Do you see the contrast? Do you see what made the Pharisee fall away and what made the publican cleave to Christ? And why are we considering them now? Why is this reading today? Well, we are going to be speaking of the last judgment soon, and we will also consider another repentance – that of the prodigal son. These are hard subjects. The church is trying to prepare us so we can look inside ourselves and learn of ourselves and learn of God during the great fast, by struggling as much as we are able, and even BEYOND what we are able. In fact, the Christian life is continually living beyond what we are capable of. God said unto us, “be ye perfect for I am perfect.” And through the Apostle He says, “pray without ceasing,” and He says, “turn the other cheek” when someone smites us, and, “if our enemy has us go with him one mile, to go with him two.” He tells us impossible things – things that cannot be accomplished and yet they WILL be accomplished because He lives in us.

If you have any doubts whatsoever those doubts are because you are not living with enough effort, and if you make the effort – I tell you – that you will become absolutely sure that God lives in you and He will save even you, a sinner. You know your sins better than anyone else does, and if you have sensitivity, they hurt. They make us very sad, but despondency does not belong in a Christian’s character. And if is in your life, this just means that you have not learned enough of God. So you must study Him more. Study Him in keeping the fasts. Study Him in the services.

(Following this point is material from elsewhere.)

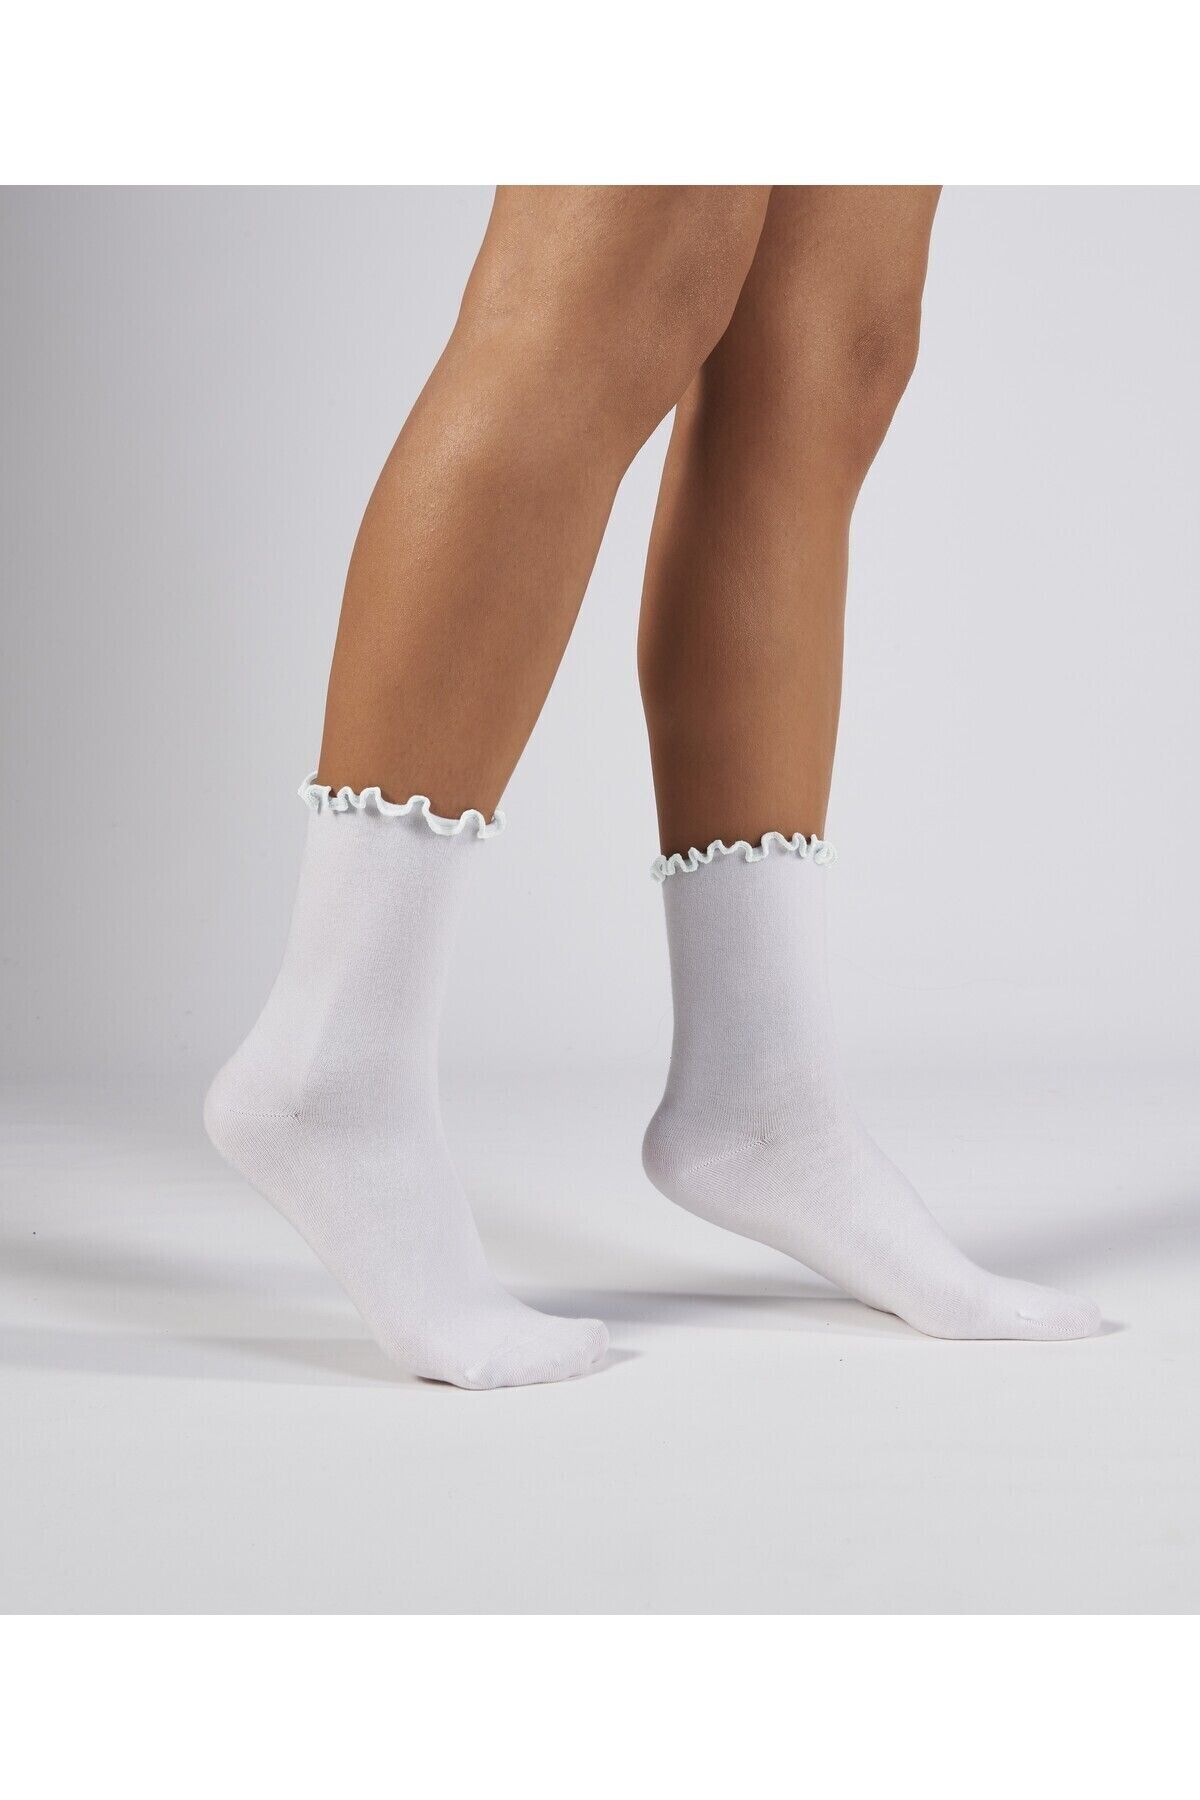 Forwena Beyaz Fırfırlı Modal Lastiksiz Dikişsiz Kadın Soket Çorap

Study him in pulling your mind back to prayer after it has wandered away into the ravine and onto the mountainsides. If you have one minute of prayer in a three-hour vigil service, then you have accomplished something great that day. It’s true.

God help us to be like this publican in his virtue. Yea, I say his virtue. It is a great virtue when a man knows himself and when he knows God. I tell you, when those two pieces of knowledge are in a man, he WILL be saved. Amen.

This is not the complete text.